Start of Source data

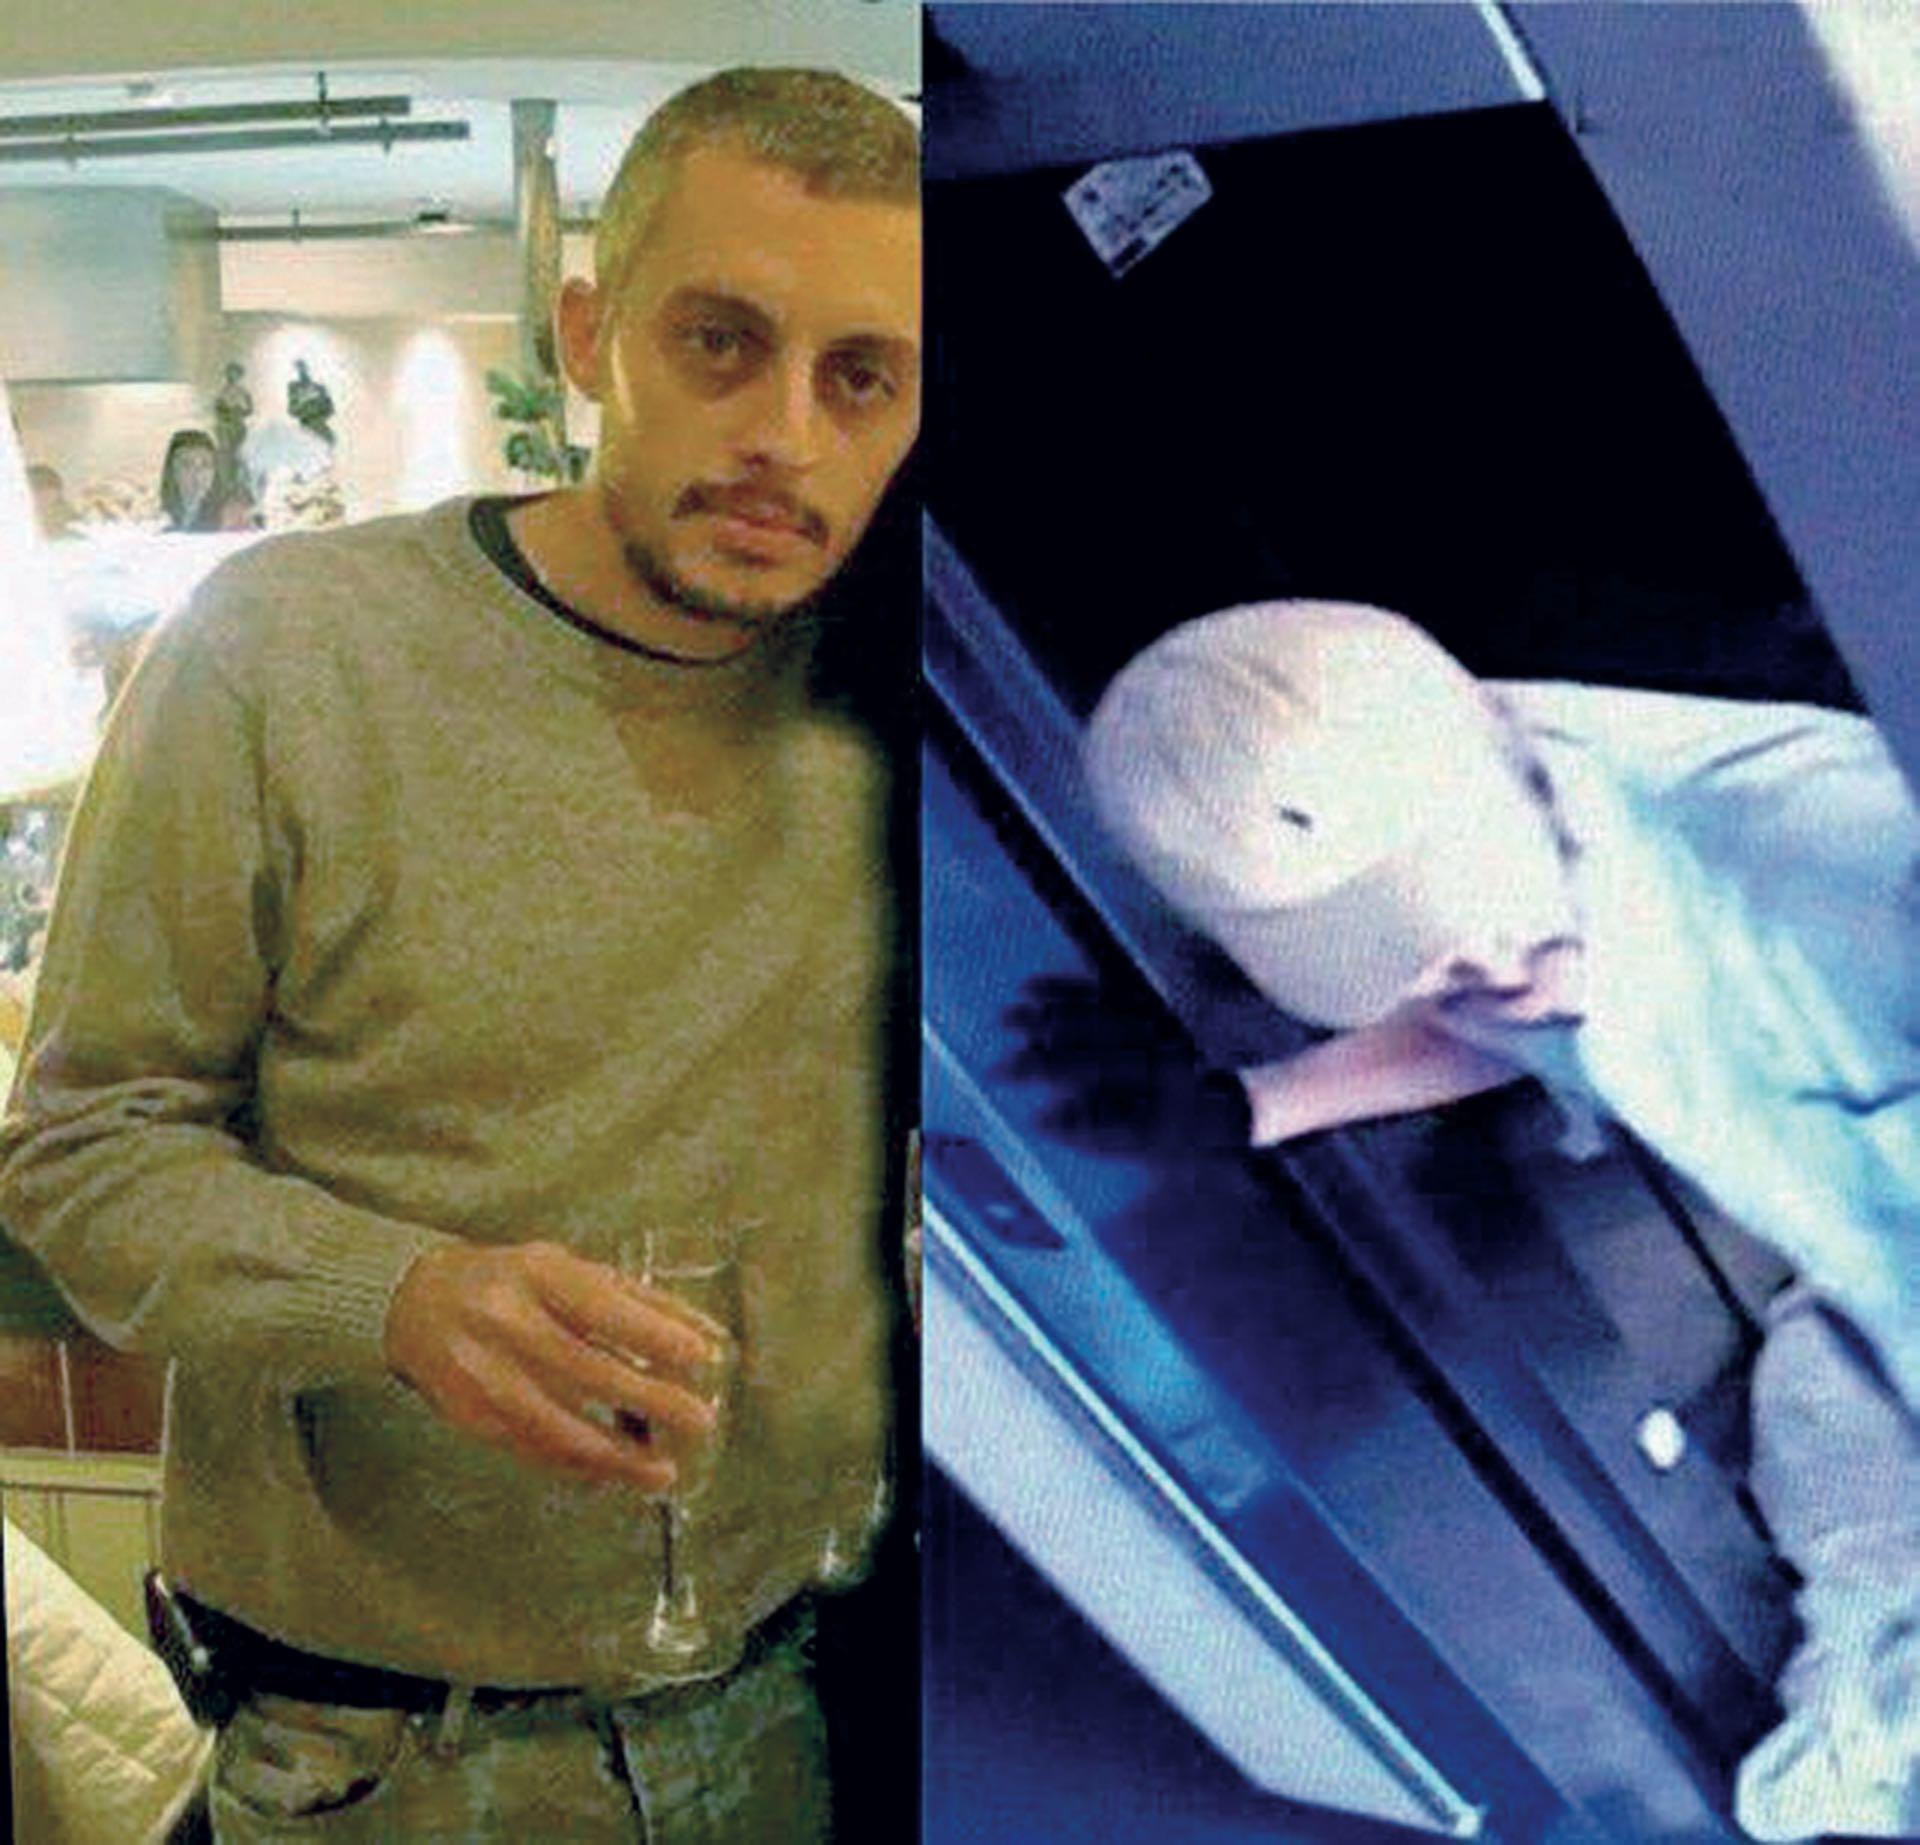 El trabajo de los investigadores de comparación y reconocimiento de Santiago Corona en las cámaras de seguridad del edificio donde se lo ve saliendo del ascensor, con un guante negro en su mano derecha, para transportar el cuerpo de su suegro.
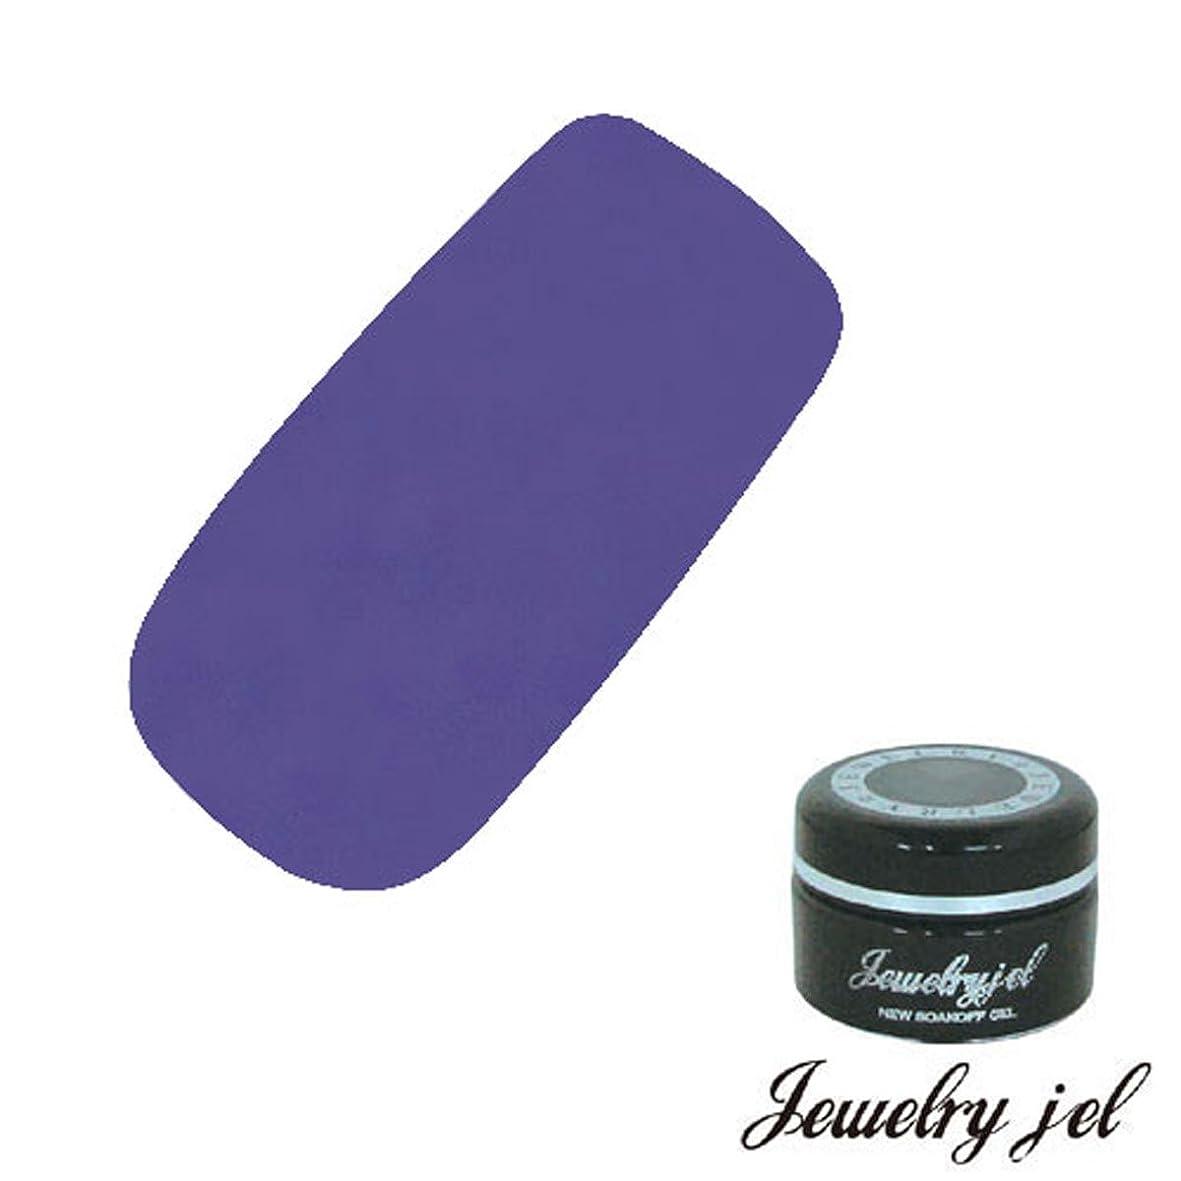 ルビーくちばし贅沢なジュエリージェル ジェルネイル カラージェル SB213 3.5g バイオレット パール入り UV/LED対応  ソークオフジェル カクテルシャーベット
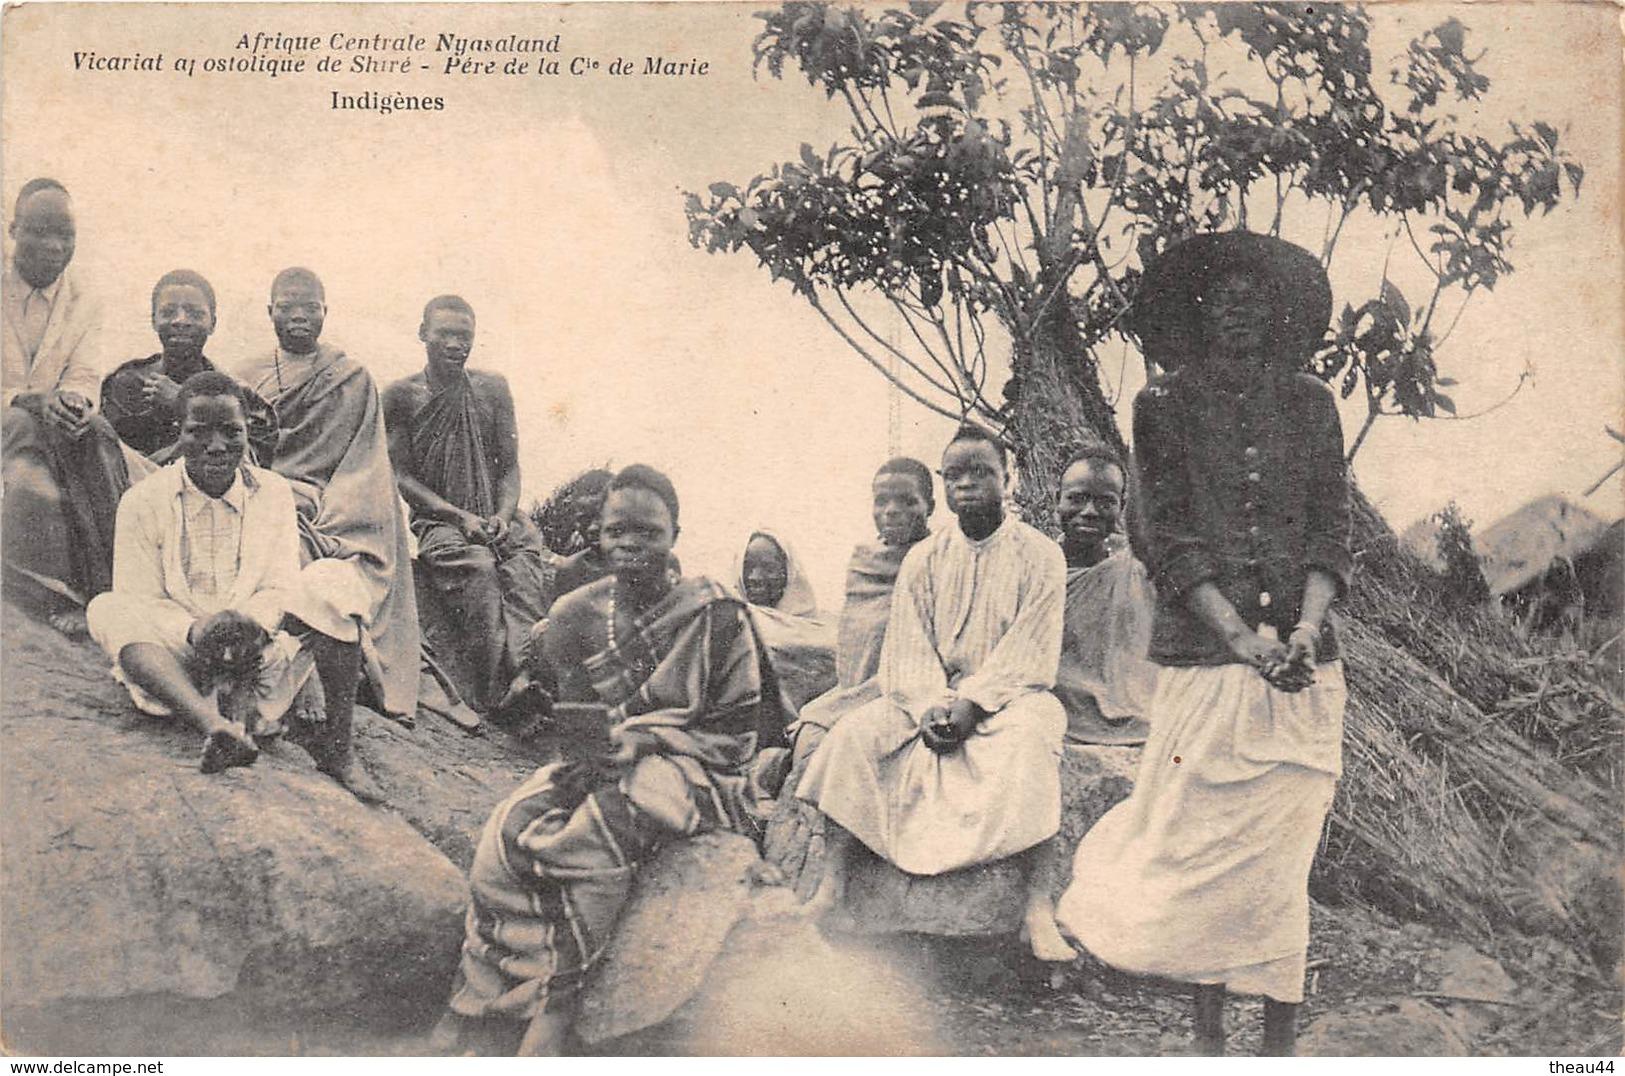 ¤¤   -    MALAWI    -  Afrique Centrale Nyasaland   -   Indigènes      -  ¤¤ - Malawi

End of Source data

Retype word for word all the material given above, and keep the pictures out.

 El trabajo de los investigadores de comparación y reconocimiento de Santiago Corona en las cámaras de seguridad del edificio donde se lo ve saliendo del ascensor, con un guante negro en su mano derecha, para transportar el cuerpo de su suegro.
 ルビーくちばし贅沢なジュエリージェル ジェルネイル カラージェル SB213 3.5g バイオレット パール入り UV/LED対応  ソークオフジェル カクテルシャーベット
 ¤¤   -    MALAWI    -  Afrique Centrale Nyasaland   -   Indigènes      -  ¤¤ - Malawi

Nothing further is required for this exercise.